Although there is little consensus regarding the merits of population screening to detect Barrett’s, the practice in most developed countries is to survey GERD patients with Barrett’s esophagus at intervals of 1–5 years, based on the hope that this will allow the detection of early cancers and thereby alter the natural history of the disease. How do we identify the small subset of Barrett’s patients who may really benefit from surveillance? In the near future, studies currently in progress are likely to identify genetic markers in initial screening biopsies that will single out from a large number of patients with Barrett’s the small subset at increased risk of progressing to cancer, thus justifying costly continued surveillance in this small subset.

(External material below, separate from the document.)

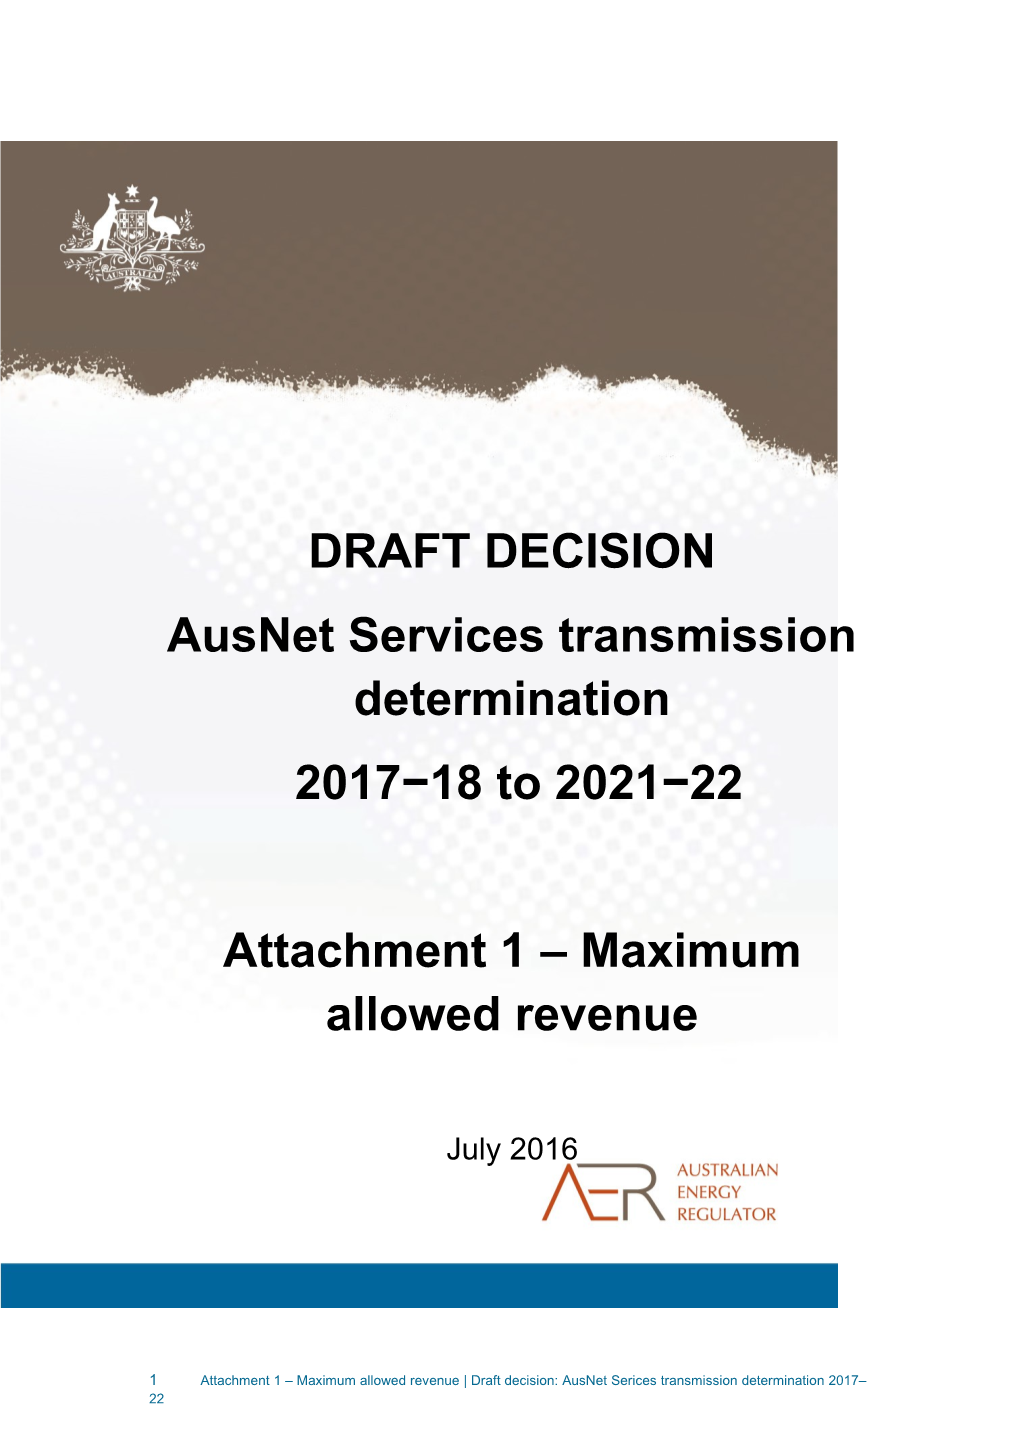 Ausnet Services 2017-22 - Draft Decision - Attachment 1 - Maximum Allowed Revenue

In the absence of such information, physicians may feel under some pressure to treat patients with Barrett’s metaplasia empirically with acid suppression medications. These forces derive from small studies demonstrating a normalization of a potential surrogate endpoint, such as proliferation. While the positive studies supporting such a policy are often emphasized [19], similarly designed studies that demonstrate no effect of these interventions on proliferation and other markers (including endoscopic and histological factors) do not appear to have gained much acceptance [20]. Well-conducted, large, prospective studies utilizing as endpoints the progression of intestinal metaplasia to dysplasia or cancer are needed to definitively address whether acid inhibition, anti-cyclooxygenase drugs or other potential chemo-preventive interventions are of clinical value. Hopefully, in the future, there will be risk-stratified individualized approaches to screening, to entry into surveillance programs and possibly even to treatment, based on the demographic profile of the patient or on molecular markers in the at-risk mucosa as well as at the genomic level. These markers may also include real-time indicators of the state of the esophageal mucosa using, for example, optical coherence tomography, magnification and chromo-endoscopy.

Antisecretory Drugs

Together with implementing lifestyle modifications (whenever practicable), PPIs should be given as the drugs of choice for erosive esophagitis, achieving in clinical trials healing rates of over 80% at 4 weeks – significantly higher than rates with any other medication. Several recent publications have indicated that the optimal dose for healing moderate/severe erosive esophagitis is 40 mg of a PPI daily [21, 22, 23, 24]. The widespread use of PPIs testifies to the symptomatic benefits that they offer also in nonerosive disease. PPIs act by covalently binding to cysteine residues in H+/K+ ATPases (the proton pumps) in the membranes of the secretory canaliculi of parietal cells. Differences in the molecular structures of specific PPIs result in different cysteine residues being targeted. For example, all PPIs bind to cysteine 813, lansoprazole also binds to cysteine 321 and pantoprazole binds in addition to cysteine 822. Pharmacological studies in a variety of test systems in vitro and animal and human experimental and pharmacodynamic data indicate that the ability of pantoprazole to bind to cysteine 822 may lead to a more prolonged effect [25, 26]. Milligram for milligram, all drugs of the PPI class appear to be comparable in their clinical effects. Indeed, human studies have not revealed significant or consistent differences between PPIs with regard to clinical or endoscopic end points [27, 28]. More detailed studies involving head-to-head comparisons between the various available drugs are needed to determine whether small pharmacokinetic differences between the drugs translate into differences in clinical practice.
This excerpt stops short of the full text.